A reintroduced "Baby Bond Bill" wants to make it easier for all families to build wealth.

For many families, saving for their child's future while tackling everyday bills and rising living costs can be challenging. Many children start their adult years with minimal or no savings, further impacting the racial wealth gap in the country. But the recently reintroduced American Opportunity Accounts Act could help children be more financially prepared as they enter adulthood and help them build wealth. The proposed legislation aims to narrow the racial wealth gap and provide greater opportunity for all Americans.

The American Opportunity Accounts Act could help many families

Originally introduced in 2021, Congresswoman Ayanna Pressley and Senator Cory Booker have recently reintroduced the American Opportunity Accounts Act. The proposed legislation hopes to make economic opportunities a birthright for every American child. This 'Baby Bond Bill' would create a $1,000 federally-funded savings account for each child at birth.

The funds would be held in an interest-bearing account managed by the Treasury Department and earn around 3% interest. Additional annual deposits would also be made, depending on family income. Lower-income families could qualify for up to $2,000 yearly deposits and supplemental payments would gradually phase out for families with higher income.

A closer look at how supplemental payments would work

Yearly supplemental payment amounts range from $250 to $2,000, depending on household income. For example, a family of four with a household income of less than $25,100 would qualify for a $2,000 annual deposit per child. On the other hand, a family of four with a household income of $81,575 would only receive $250 in yearly payments per child.

At 18, account holders could access the funds for allowable uses, like paying for educational expenses or buying a home. Below are the proposed household income limits for supplemental payment amounts and the estimated account maturity for an 18-year-old:

Income Household income for family of 4 Supplemental payment amount (yearly) Estimated account balance for 18 year old
<100% Federal Poverty Level (FPL) <$25,100 $2,000 $46,215
125% of FPL $31,375 $1,500 $35,081
175% of FPL $43,925 $1,000 $23,948
225% of FPL $56,475 $500 $12,815
325% of FPL $81,575 $250 $7,248
500% of FPL $125,751 $0 $1,681
Data source: Congresswoman Ayanna Pressley's website.

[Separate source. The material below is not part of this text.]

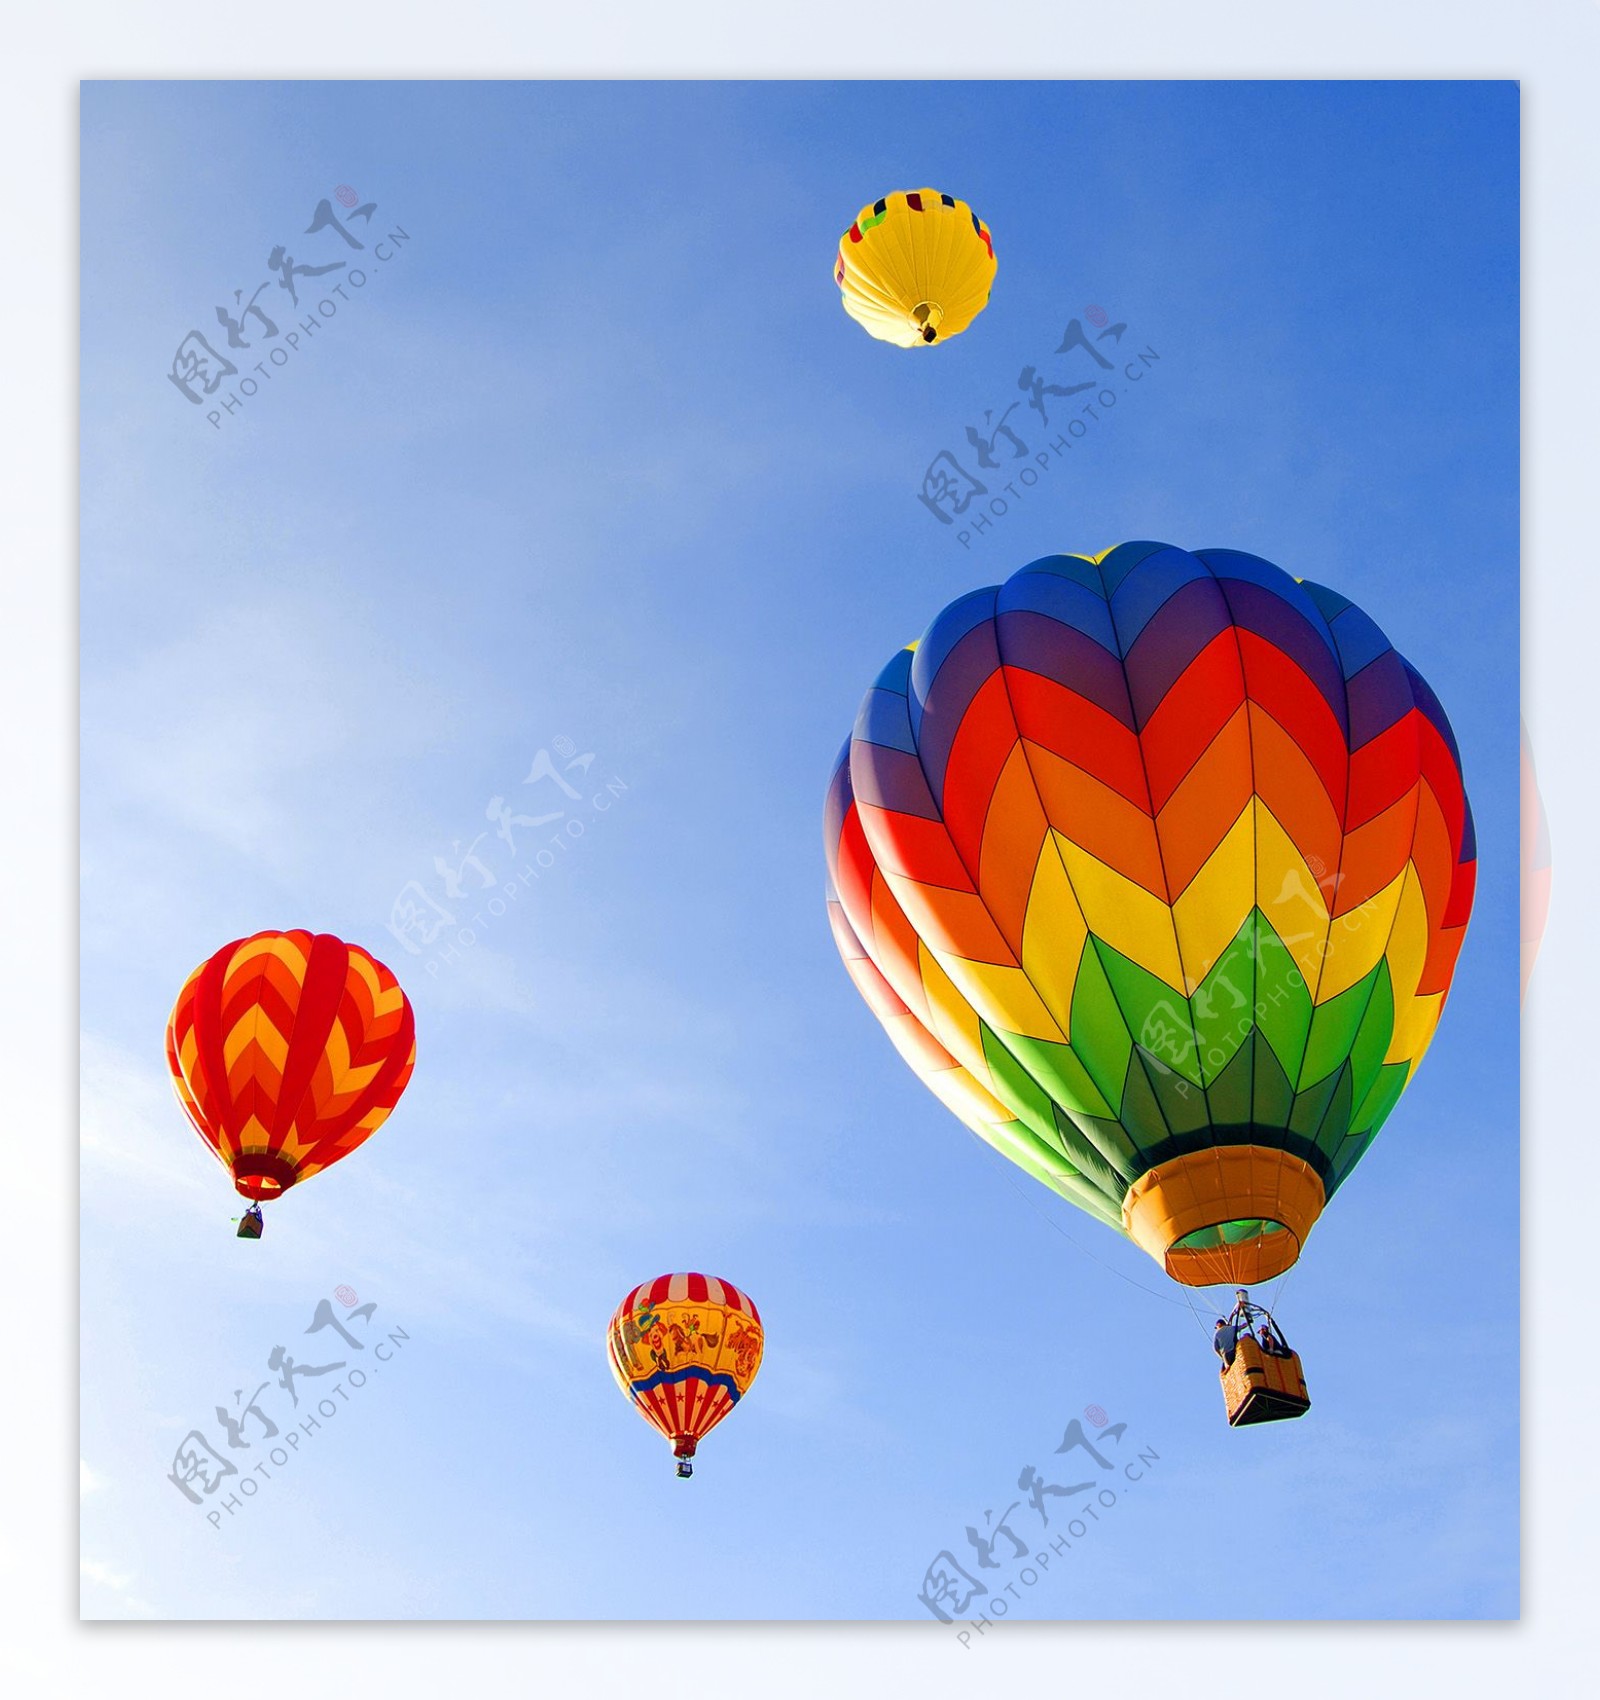 天空中飘浮着的热气球

The racial wealth gap continues to be a problem

The racial wealth gap in the U.S. has narrowed over time, but continues to be a concern. Recent data from the Federal Reserve Bank of St. Louis shows that the racial wealth gap is significant. Most Black and Hispanic families are less wealthy than the typical white family. In 2019, the median white family owned about $184,000 in family wealth. However, the median Black family owned $23,000, and the median Hispanic family owned $38,000.

Reduced wealth can impact the personal finance situation of families for a lifetime. U.S. families of color are less likely to own various types of assets when compared to white families. Additionally, Black and Hispanic families tend to have more debt.

State baby bond programs are increasing in popularity

This proposed federal legislation could set many Americans up for greater financial success and help to narrow the wealth gap. But will it ever be signed into law? Only time will tell. In recent years, similar state-level proposed baby bond programs have become popular.

Several U.S. states have introduced legislation, while others have successfully passed such policies. Hopefully, additional states will introduce legislation like this to help families increase their wealth and set their children up for financial success.